Drool-worthy Sichuan Chicken in Chili Oil Sauce (Kou Shui Ji)

Drool-worthy Chicken in Chili Oil Sauce (Kou Shui Ji), by thewoksoflife.com

We weren’t being witty or anything with the word “drool-worthy” in the title of this recipe. In fact, the Chinese name of this chicken dish is “kou shui ji,” which literally translates to “saliva chicken.”

Okay so to an English speaker looking at a menu here in China and seeing that very Chinglish-y menu translation, they might want to turn and run. After all, this is a cuisine in which bird spit (read: bird’s nest soup) is a much sought-after ingredient.

But not to worry. The dish’s name can be better translated as “mouthwatering” chicken. I read somewhere that some famous person took one look at this dish and hungrily made the claim, “it’s making me drool,”  and that’s how this dish got its new name and fame.

Funny how we name our food, Use some fine Shaoxing wine as the main flavoring ingredient and you have Drunken Chicken.  It’s quite delicious by the way!

Drool-worthy Chicken in Chili Oil Sauce (Kou Shui Ji), by thewoksoflife.com

I’ve eaten many versions of kou shui ji, and most of time the chicken is swimming in a hot & spicy tongue-numbing oil, requiring an experienced Sichuan-food-lover to go near it (it’s delicious, by the way). But that said, we made our version less spicy while still being loaded with all the essential flavors of the original version.

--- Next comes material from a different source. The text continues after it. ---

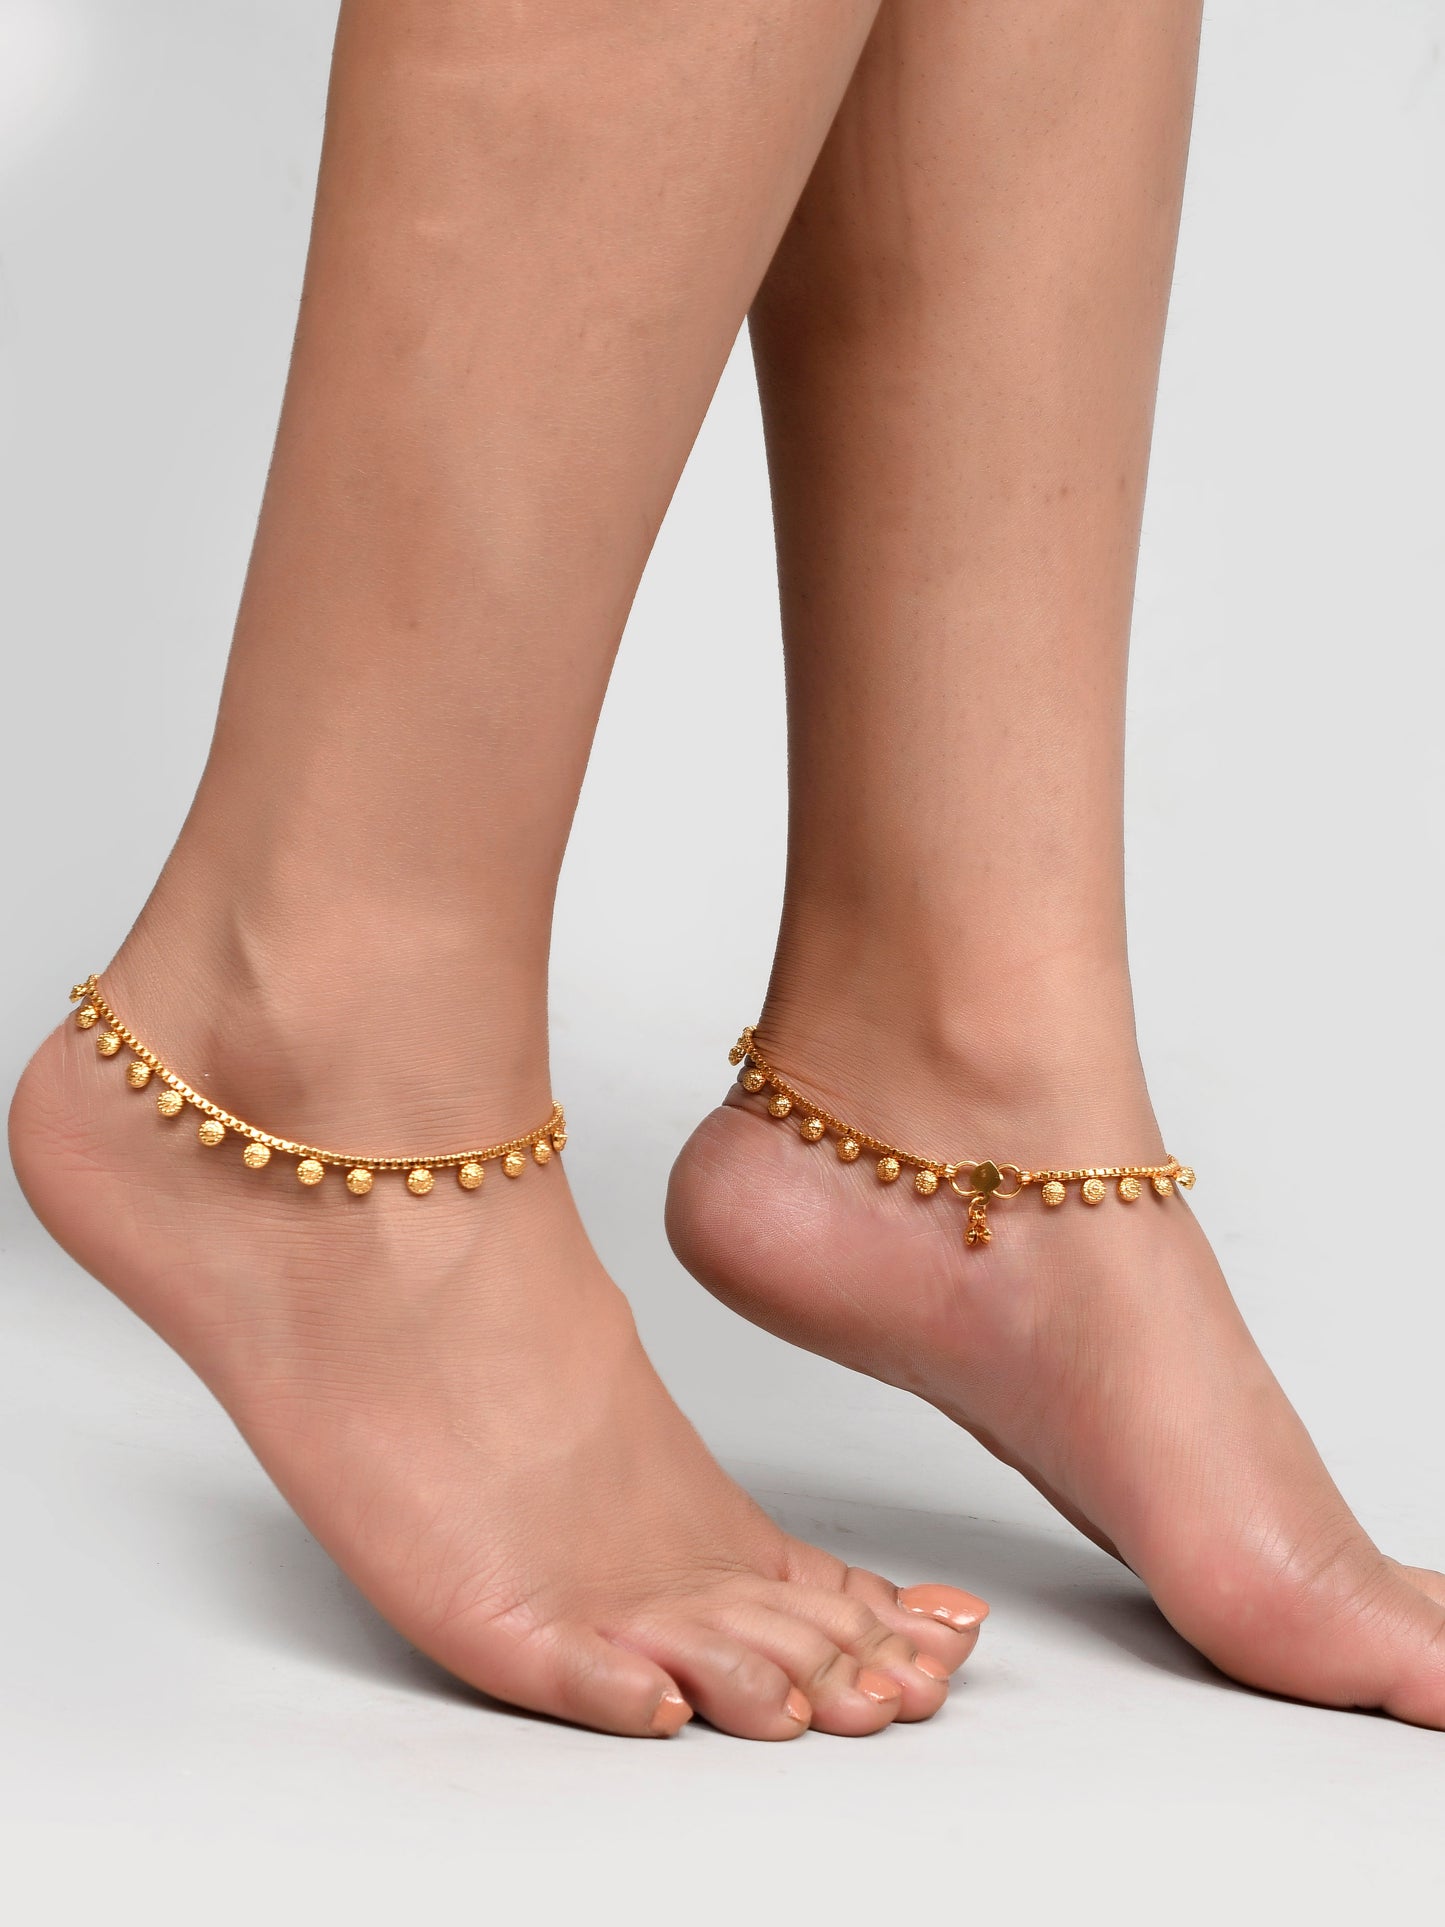 Golden Traditional Indian Anklet for women

Ours also uses sesame paste, which isn’t always a mandatory ingredient, but really adds richness.

Here’s how to make it:

For Step 1:

  • 3 tablespoon plain roasted peanuts, finely chopped
  • 1 tablespoon roasted sesame seeds
  • 1 tablespoon red chili flakes or dried red chilis, seeded and chopped
  • ½ teaspoon salt
  • 1/3-1/2 cup oil
  • 3 scallions, cut into large sections
  • 4 slices ginger
  • 5 cloves garlic, sliced
  • 1 star anise
  • 1 small cinnamon stick
  • 1 1/2 tablespoons Sichuan peppercorns

For Step 2:

  • 2 chicken leg quarters, deboned with skin still on (try asking your butcher to do this for you)
  • 2 scallions
  • 2 slices ginger

For Step 3:

  • 1 tablespoon sesame paste
  • 2 tablespoons light soy sauce
  • 1 tablespoon rice wine vinegar
  • ½ tablespoon sugar
  • 3 cloves garlic, chopped
  • 2 tablespoons chicken stock

Step 1:

Put chopped peanuts, roasted sesame seeds, red pepper flakes and salt into a medium bowl and set it aside.

Drool-worthy Chicken in Chili Oil Sauce (Kou Shui Ji), by thewoksoflife.com

Heat your oil in pan over low heat, and add the scallions, ginger, garlic, star anise, cinnamon stick, and Sichuan peppercorns.

Drool-worthy Chicken in Chili Oil Sauce (Kou Shui Ji), by thewoksoflife.com

Allow these aromatics to slowly infuse into the oil, until everything is kind of browned and wrinkly and fragrant. Discard the spices and pour the hot infused oil into the peanut mixture.

Drool-worthy Chicken in Chili Oil Sauce (Kou Shui Ji), by thewoksoflife.com

Give everything a stir and cover the bowl with a plate to seal everything inside. Walk away and don’t come back until everything else is ready!

Step 2:

Bring a medium pot of water to a boil (there should be enough water to submerge the chicken) along with the ginger and scallion. Once it’s boiling, add the chicken (once it’s added the water will probably stop boiling because of the temperature change).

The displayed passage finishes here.